I'm not sure that I entirely buy the idea of Obama as so cold. He has two healthy, loving daughters, and wonderful strong wife, and is the poster-family for the typical American family. No one who is that good with children is a cold person or could be emotionally dead inside. At that point, you'd have marital scandals and rebellious children. Thankfully, this administration has been free of such personal scandals, which is a bit of a relief. It's nice to have a president who is focusing on leading the country in an eloquent and intelligent way, instead of fraught with personal drama.

I also think that this is a catch-22 for the President, similar to the Queen Mother's response to Diana's funeral. Many argued that if she didn't cry, she would be seen as heartless and cold. If she did cry, she would be seen as too weak to be capable of running the country. In the end, her reserved dabbing of tears was seen as the only possible compromise.
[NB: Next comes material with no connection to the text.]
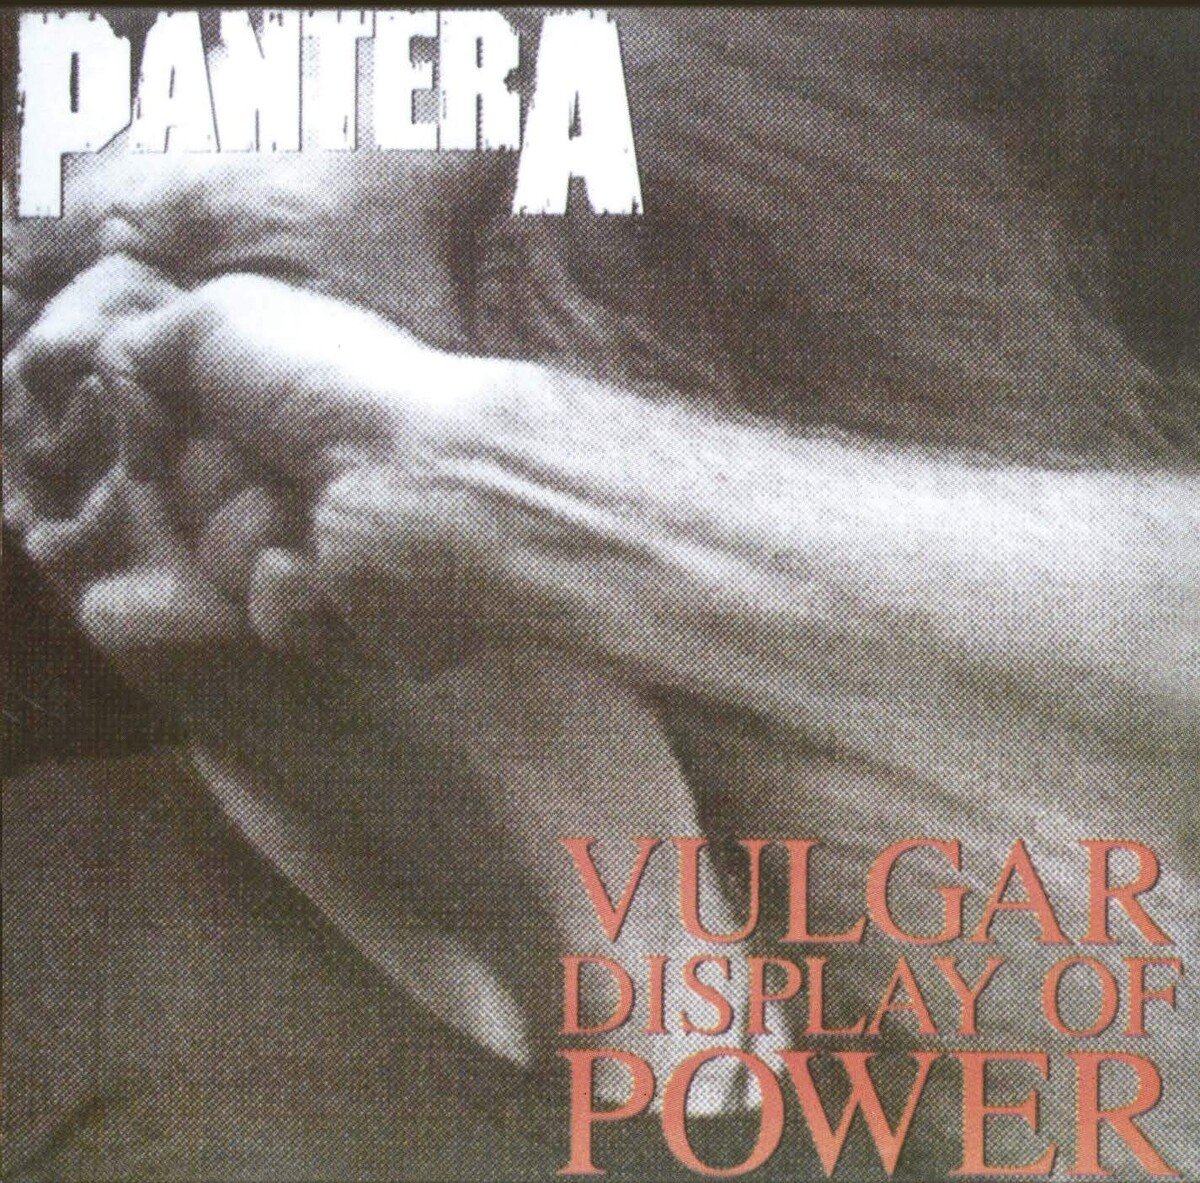 Vulgar Display of Power (1992).

But this story from Obama's childhood is very illuminating:

     Over lunch, Barry, who was 9 at the time, sat at the dining table and listened intently but did not speak. When he asked to be excused, Ann directed him to ask the hostess for permission. Permission granted, he got down on the floor and played with Bryant’s son, who was 13 months old. After lunch, the group took a walk, with Barry running ahead. A flock of Indonesian children began lobbing rocks in his direction. They ducked behind a wall and shouted racial epithets. He seemed unfazed, dancing around as though playing dodge ball “with unseen players,” Bryant said. Ann did not react. Assuming she must not have understood the words, Bryant offered to intervene. “No, he’s O.K.,” Ann said. “He’s used to it.”
     “We were floored that she’d bring a half-black child to Indonesia, knowing the disrespect they have for blacks,” Bryant said. At the same time, she admired Ann for teaching her boy to be fearless. A child in Indonesia needed to be raised that way — for self-preservation, Bryant decided. Ann also seemed to be teaching Barry respect. He had all the politeness that Indonesian children displayed toward their parents. He seemed to be learning Indonesian ways.
     “I think this is one reason he’s so halus,” Bryant said of the pres­ident, using the Indonesian adjective that means “polite, refined, or courteous,” referring to qualities some see as distinctively Javanese. “He has the manners of Asians and the ways of Americans — being halus, being patient, calm, a good listener. If you’re not a good listener in Indonesia, you’d better leave.”
 [Via the New York Times, Obama's Young Mother Abroad]

I think it's an important insight of how the qualities generally associated with masculinity (emotionless, strong sturdy oak) are much more constricting than the skills it takes to be a good father and husband, or even the skills that it takes to be a good President. When I envision an ideal President, skills such as intelligence, listening, eloquence and inner strength of character rank higher than those of being buddy-buddy with everyone.

Growing up in a cross-cultural home makes you question if any one system is the correct way of being, especially when it comes to gender roles. Obama's experience in Indonesia undoubtedly shaped his cool, calm and collected personality, but isn't that the sort of person you'd want running the country?